Angiogenesis is the process by which new blood vessels are formed from a pre-existing vascular network1 and is the focus of ongoing research across many areas ranging from normal development to disease. This dynamic process involves the proliferation and migration of endothelial cells (ECs) and recruitment of pericytes to construct a vascular tube that is directed toward the site that needs oxygen and nutrient delivery2. To study this process requires an equally dynamic assay, most importantly one that can recapitulate the three-dimensional nature of tube formation.

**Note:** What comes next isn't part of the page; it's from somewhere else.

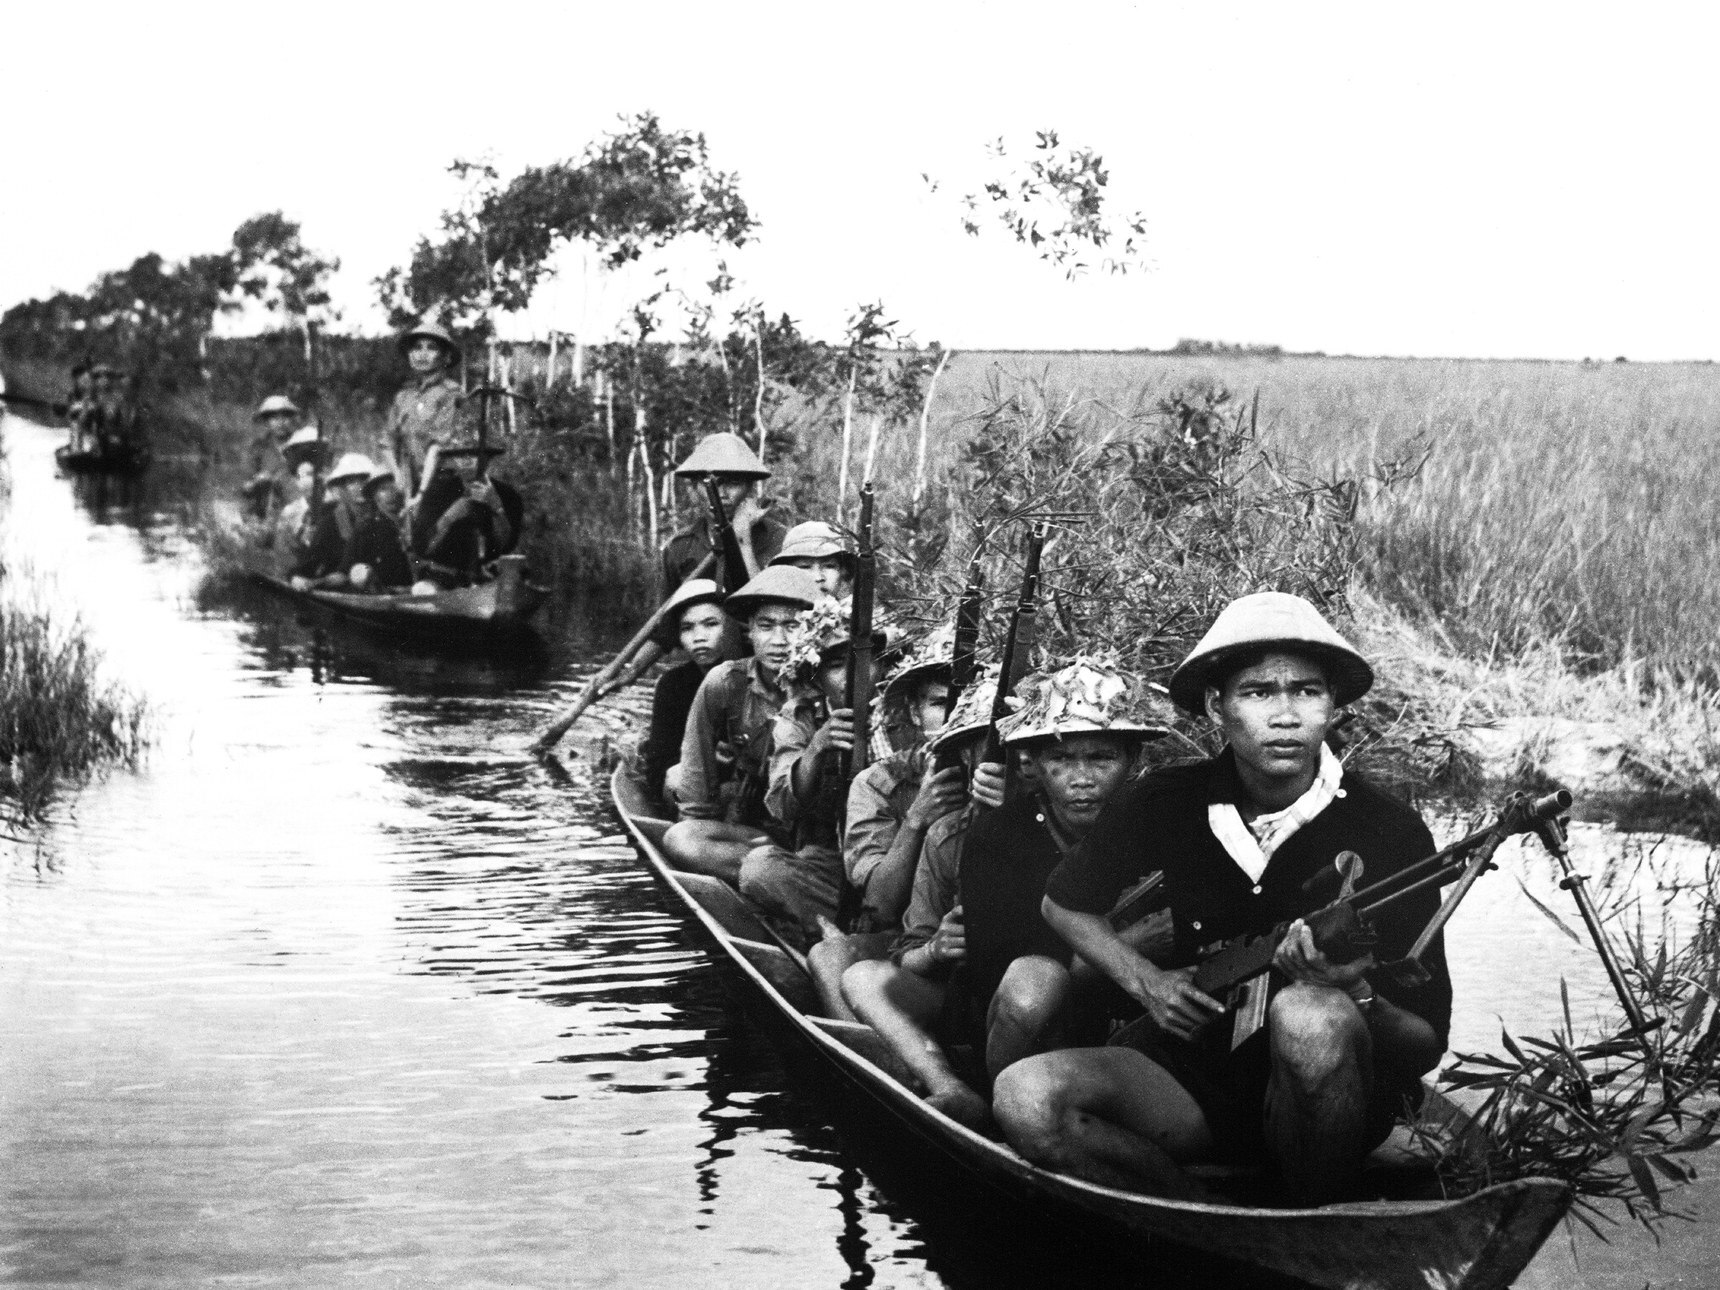 Garry's Mod NPCS] Sino-Vietnamese War: Battle of Ha Long : r/twrmod

In vitro 3D matrix assays have been developed to address this need and have worked well to allow researchers to define the discrete steps in space and time in which angiogenesis takes place3,4,5,6. However, these in vitro 3D matrix models are limited to studying non-perfused vessels and therefore lack critical components pertinent to the angiogenesis process (e.g., circulating growth and inhibitory factors, unnatural tension/forces across the vascular bed) and fail to simulate the complex environment present in live tissue. To address this limitation, several in vivo angiogenesis assays have been developed7, including the matrix gel plug assay which will be the focus of our report8,9.

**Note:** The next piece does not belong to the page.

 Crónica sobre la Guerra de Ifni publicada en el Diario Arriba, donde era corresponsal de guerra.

The matrix gel plug assay is a well-established in vivo angiogenesis assay that appeals to researchers as it provides a robust platform to test the roles of different cells and substances in angiogenesis. Matrix gel is a commercially available basement membrane solution that is secreted by the Engelbreth-Holm-Swarm (EHS) mouse sarcoma cell line that solidifies into a gel-like material at 37 °C. The matrix gel can be mixed with cells and/or substances, such as growth factors, and injected subcutaneously into the mouse. The host ECs will invade the plug over 14 days, form a vascular network, and become perfused with the host's blood. To date, matrix gel plug assays have focused exclusively on the study of endothelial cell behavior during angiogenesis, however, to the best of our knowledge no effort has yet been made to determine whether this assay can be used to co-culture endothelial cells and pericytes to study how these two cell types interact during angiogenesis. Specifically, understanding the relationship between ECs and pericytes is valuable for studying diseases where blood vessel loss is pathologic, including microvascular ischemia and peripheral vascular disease10,11,12.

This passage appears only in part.